## Exercise aim
Restate the data below word for word, keeping each line intact.

## Exercise material
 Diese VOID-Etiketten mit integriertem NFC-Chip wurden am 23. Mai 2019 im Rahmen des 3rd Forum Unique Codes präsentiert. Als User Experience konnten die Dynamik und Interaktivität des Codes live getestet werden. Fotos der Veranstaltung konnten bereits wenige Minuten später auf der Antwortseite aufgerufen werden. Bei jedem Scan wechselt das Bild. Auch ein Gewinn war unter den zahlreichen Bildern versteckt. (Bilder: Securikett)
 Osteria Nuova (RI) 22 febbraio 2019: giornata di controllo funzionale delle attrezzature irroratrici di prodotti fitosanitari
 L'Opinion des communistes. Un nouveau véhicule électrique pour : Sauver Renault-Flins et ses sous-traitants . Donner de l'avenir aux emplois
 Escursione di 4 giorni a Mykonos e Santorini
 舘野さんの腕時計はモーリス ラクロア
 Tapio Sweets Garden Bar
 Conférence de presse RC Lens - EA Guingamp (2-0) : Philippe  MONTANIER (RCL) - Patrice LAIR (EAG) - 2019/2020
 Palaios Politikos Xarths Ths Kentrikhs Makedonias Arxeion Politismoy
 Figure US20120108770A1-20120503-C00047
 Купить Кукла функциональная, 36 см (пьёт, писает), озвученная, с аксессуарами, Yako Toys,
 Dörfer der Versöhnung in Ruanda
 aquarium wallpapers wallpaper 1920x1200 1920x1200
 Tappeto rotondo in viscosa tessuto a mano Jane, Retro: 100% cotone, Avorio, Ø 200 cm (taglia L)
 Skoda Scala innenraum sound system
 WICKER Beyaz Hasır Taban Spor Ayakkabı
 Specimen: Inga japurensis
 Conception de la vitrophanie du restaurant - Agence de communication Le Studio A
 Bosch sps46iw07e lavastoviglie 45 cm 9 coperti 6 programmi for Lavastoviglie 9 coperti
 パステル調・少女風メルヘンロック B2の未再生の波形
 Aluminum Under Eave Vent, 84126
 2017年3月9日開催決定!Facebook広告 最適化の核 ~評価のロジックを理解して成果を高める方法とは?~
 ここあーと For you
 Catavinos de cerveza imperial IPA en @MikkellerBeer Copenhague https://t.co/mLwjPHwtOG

## Expected answer
 Diese VOID-Etiketten mit integriertem NFC-Chip wurden am 23. Mai 2019 im Rahmen des 3rd Forum Unique Codes präsentiert. Als User Experience konnten die Dynamik und Interaktivität des Codes live getestet werden. Fotos der Veranstaltung konnten bereits wenige Minuten später auf der Antwortseite aufgerufen werden. Bei jedem Scan wechselt das Bild. Auch ein Gewinn war unter den zahlreichen Bildern versteckt. (Bilder: Securikett)
 Osteria Nuova (RI) 22 febbraio 2019: giornata di controllo funzionale delle attrezzature irroratrici di prodotti fitosanitari
 L'Opinion des communistes. Un nouveau véhicule électrique pour : Sauver Renault-Flins et ses sous-traitants . Donner de l'avenir aux emplois
 Escursione di 4 giorni a Mykonos e Santorini
 舘野さんの腕時計はモーリス ラクロア
 Tapio Sweets Garden Bar
 Conférence de presse RC Lens - EA Guingamp (2-0) : Philippe  MONTANIER (RCL) - Patrice LAIR (EAG) - 2019/2020
 Palaios Politikos Xarths Ths Kentrikhs Makedonias Arxeion Politismoy
 Figure US20120108770A1-20120503-C00047
 Купить Кукла функциональная, 36 см (пьёт, писает), озвученная, с аксессуарами, Yako Toys,
 Dörfer der Versöhnung in Ruanda
 aquarium wallpapers wallpaper 1920x1200 1920x1200
 Tappeto rotondo in viscosa tessuto a mano Jane, Retro: 100% cotone, Avorio, Ø 200 cm (taglia L)
 Skoda Scala innenraum sound system
 WICKER Beyaz Hasır Taban Spor Ayakkabı
 Specimen: Inga japurensis
 Conception de la vitrophanie du restaurant - Agence de communication Le Studio A
 Bosch sps46iw07e lavastoviglie 45 cm 9 coperti 6 programmi for Lavastoviglie 9 coperti
 パステル調・少女風メルヘンロック B2の未再生の波形
 Aluminum Under Eave Vent, 84126
 2017年3月9日開催決定!Facebook広告 最適化の核 ~評価のロジックを理解して成果を高める方法とは?~
 ここあーと For you
 Catavinos de cerveza imperial IPA en @MikkellerBeer Copenhague https://t.co/mLwjPHwtOG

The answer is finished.